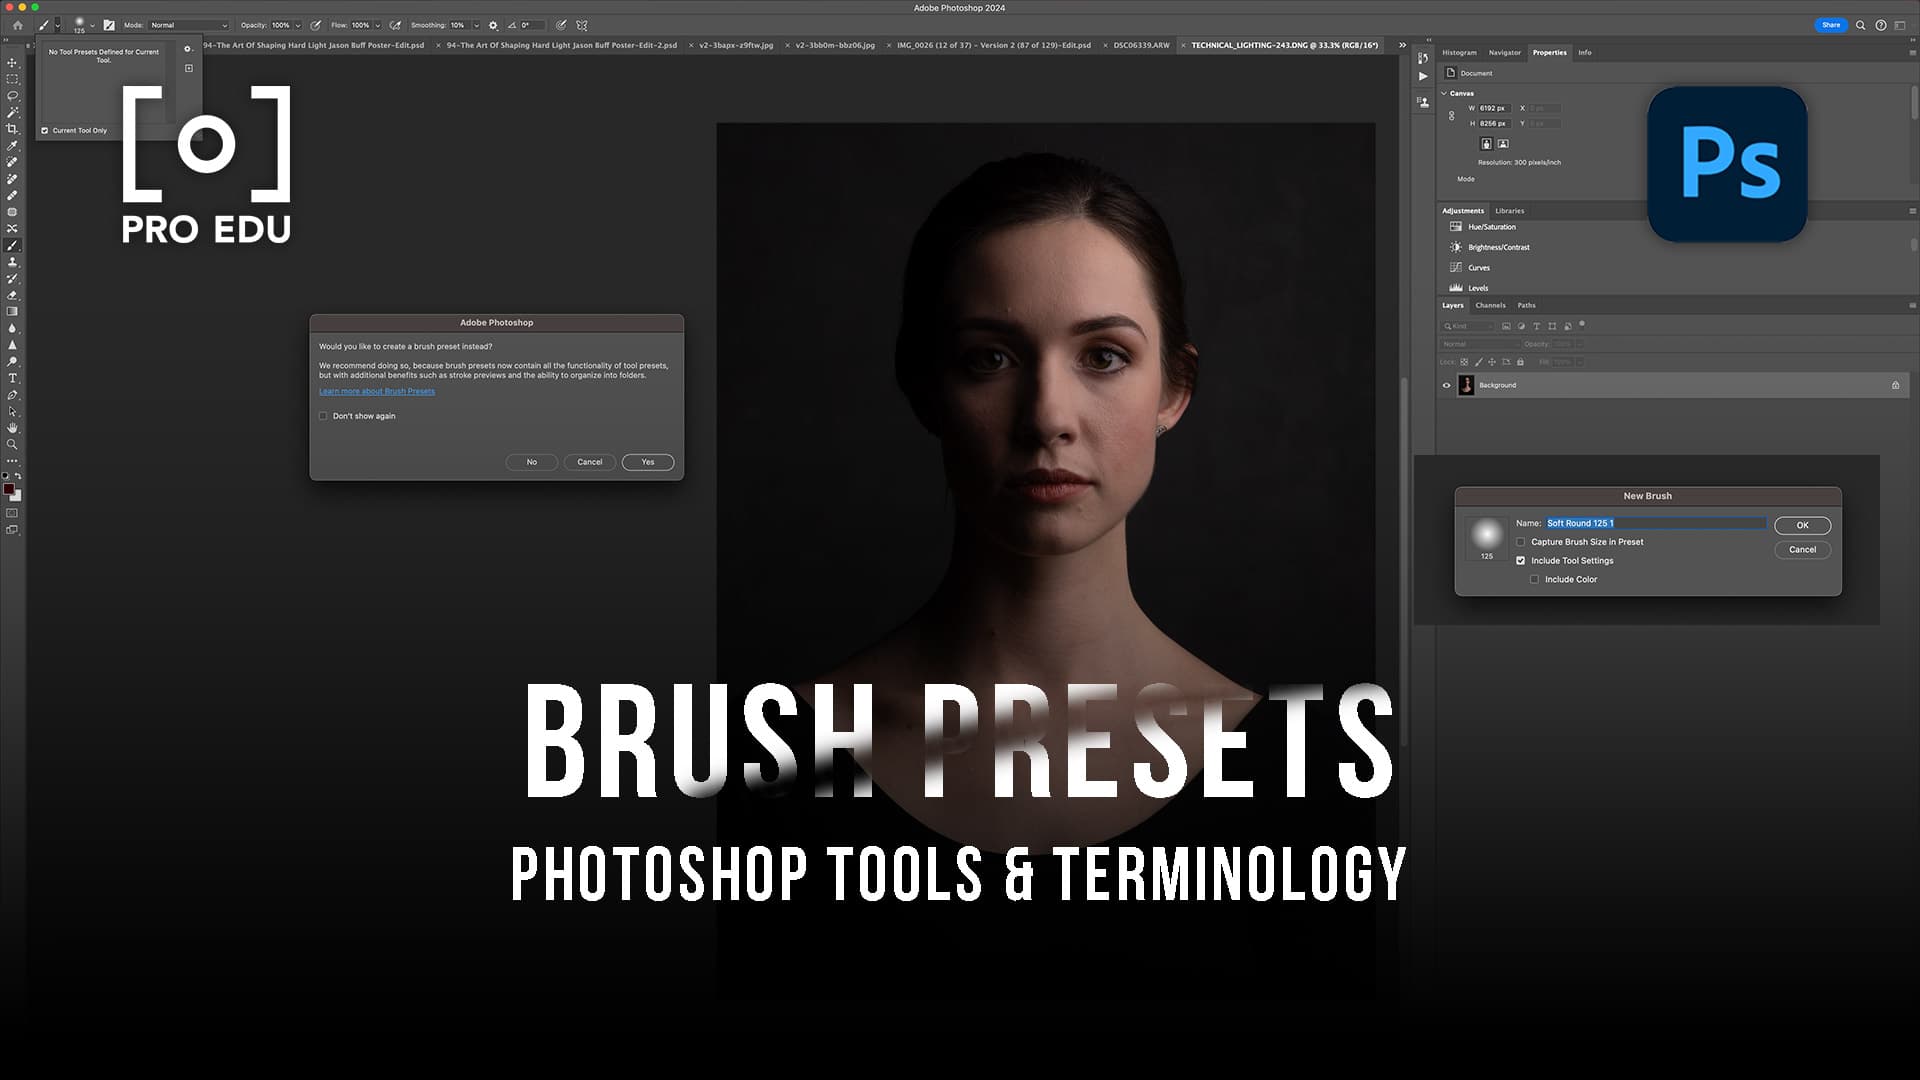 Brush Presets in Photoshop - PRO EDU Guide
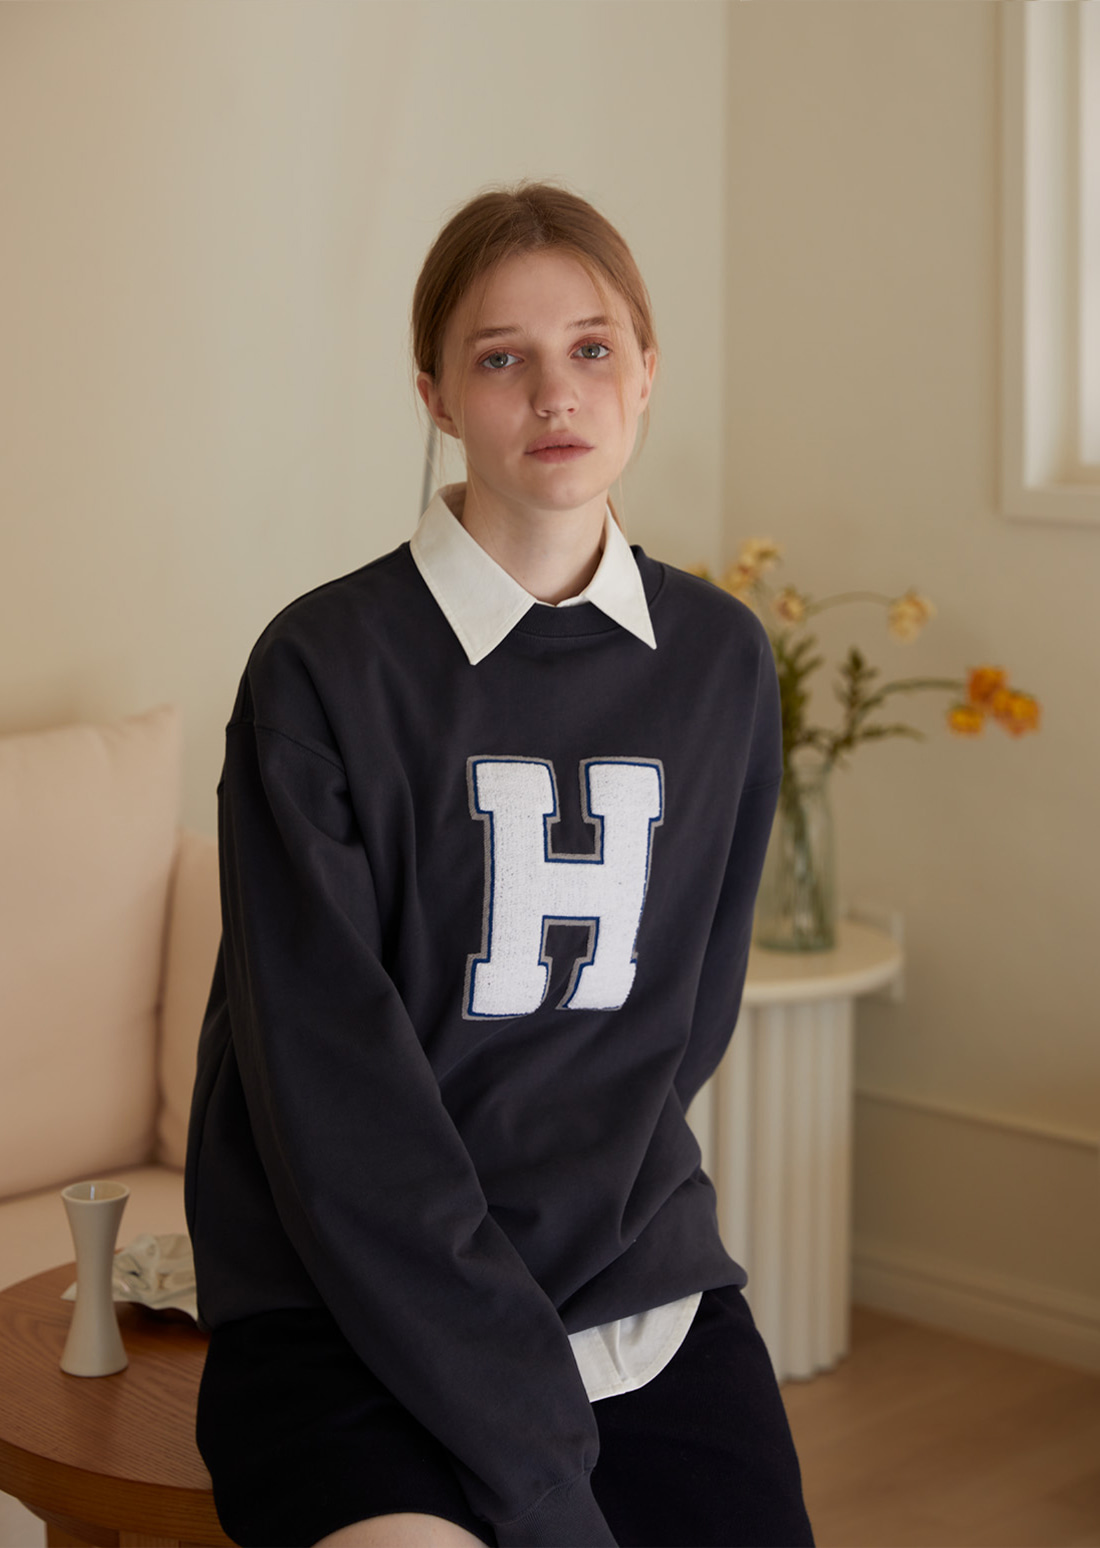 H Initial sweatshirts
--------------------
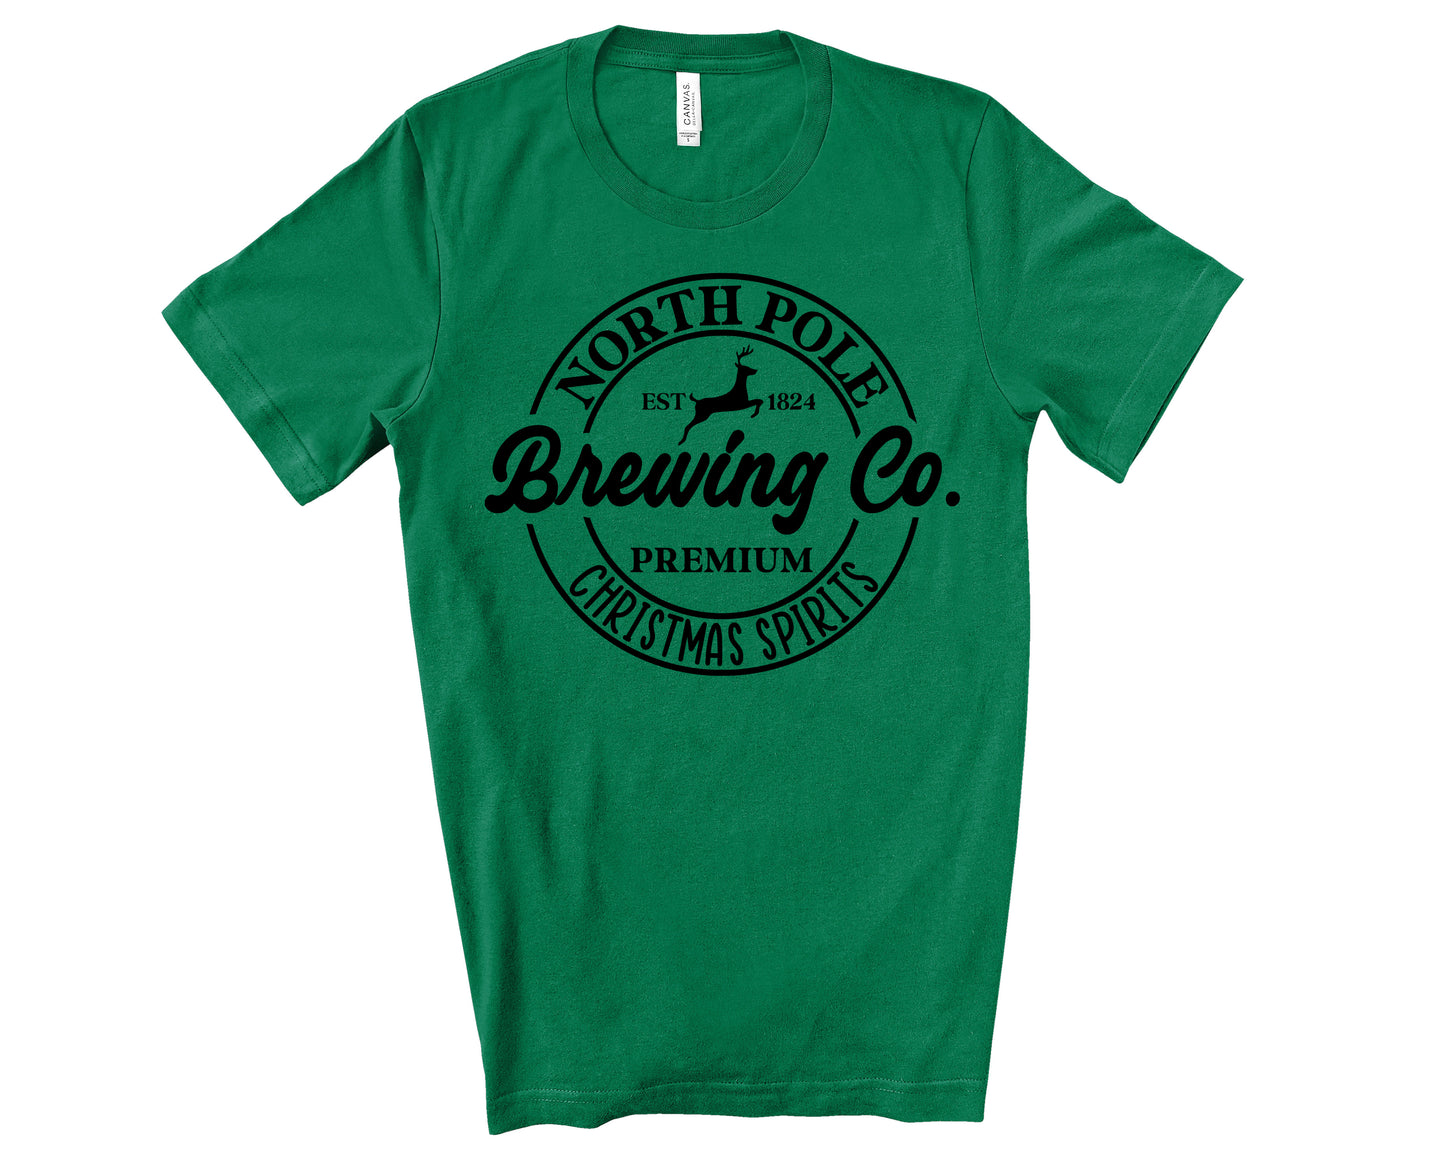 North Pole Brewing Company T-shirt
--------------------
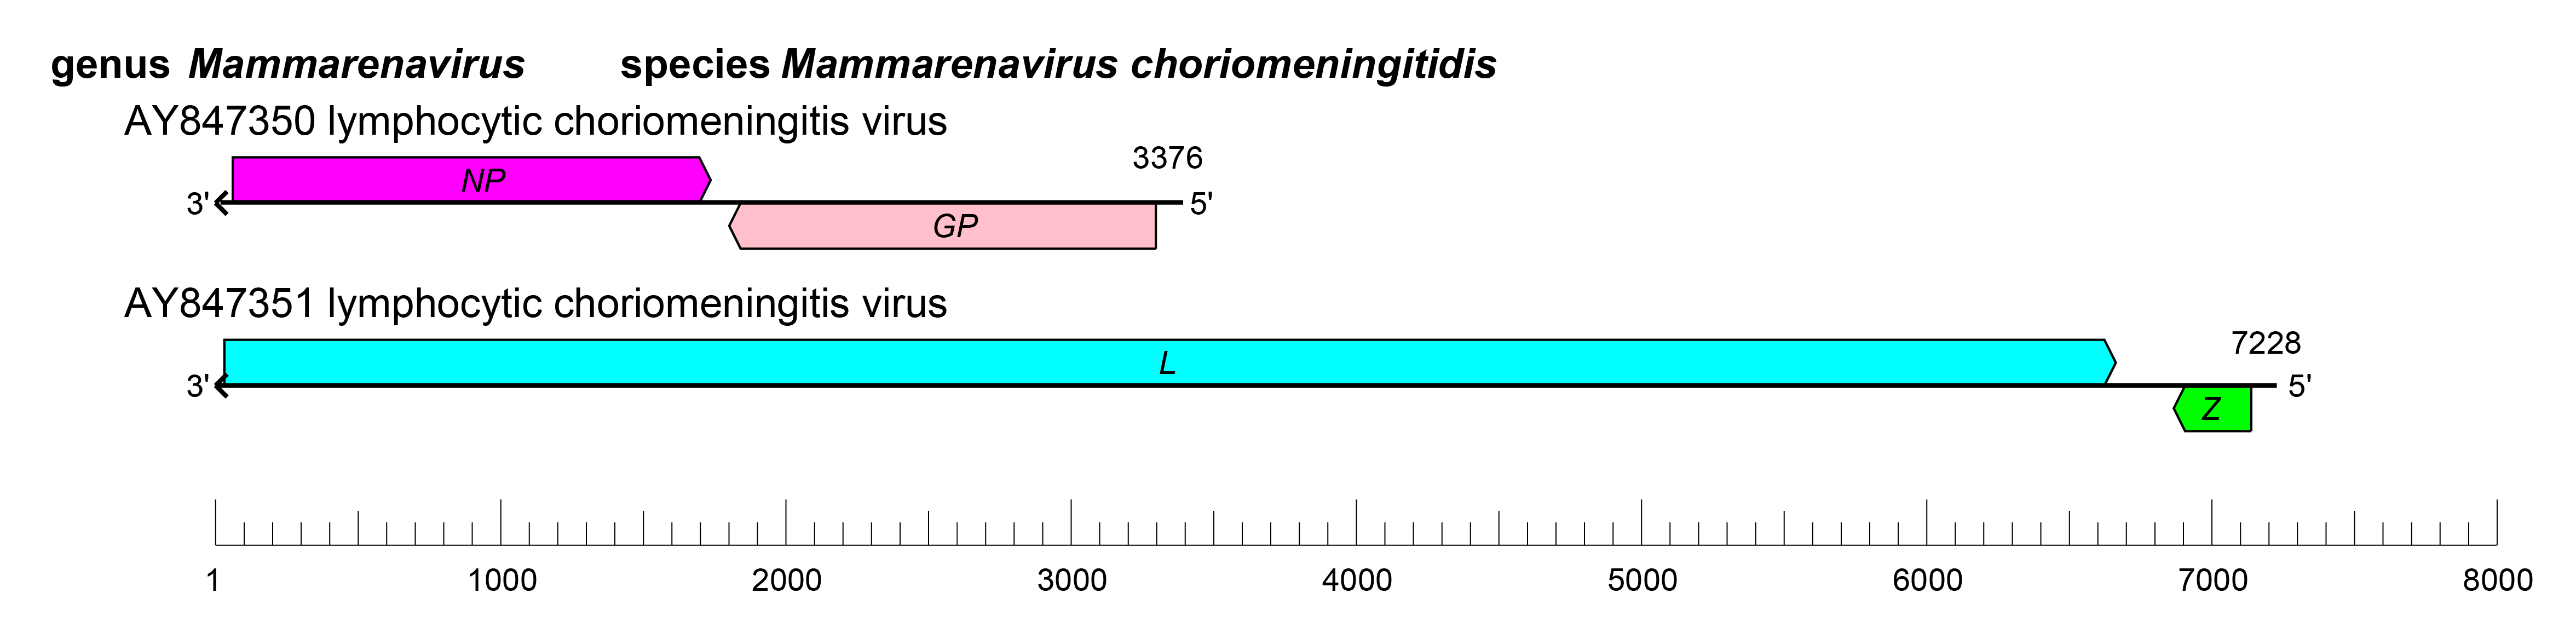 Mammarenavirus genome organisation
--------------------
Start at the line above containing "Brush Presets in Photoshop - PRO EDU Guide" and stop at the line containing "H Initial sweatshirts": print those lines and everything between them exactly, but not the pictures.

_SOLUTION_
 Brush Presets in Photoshop - PRO EDU Guide
 H Initial sweatshirts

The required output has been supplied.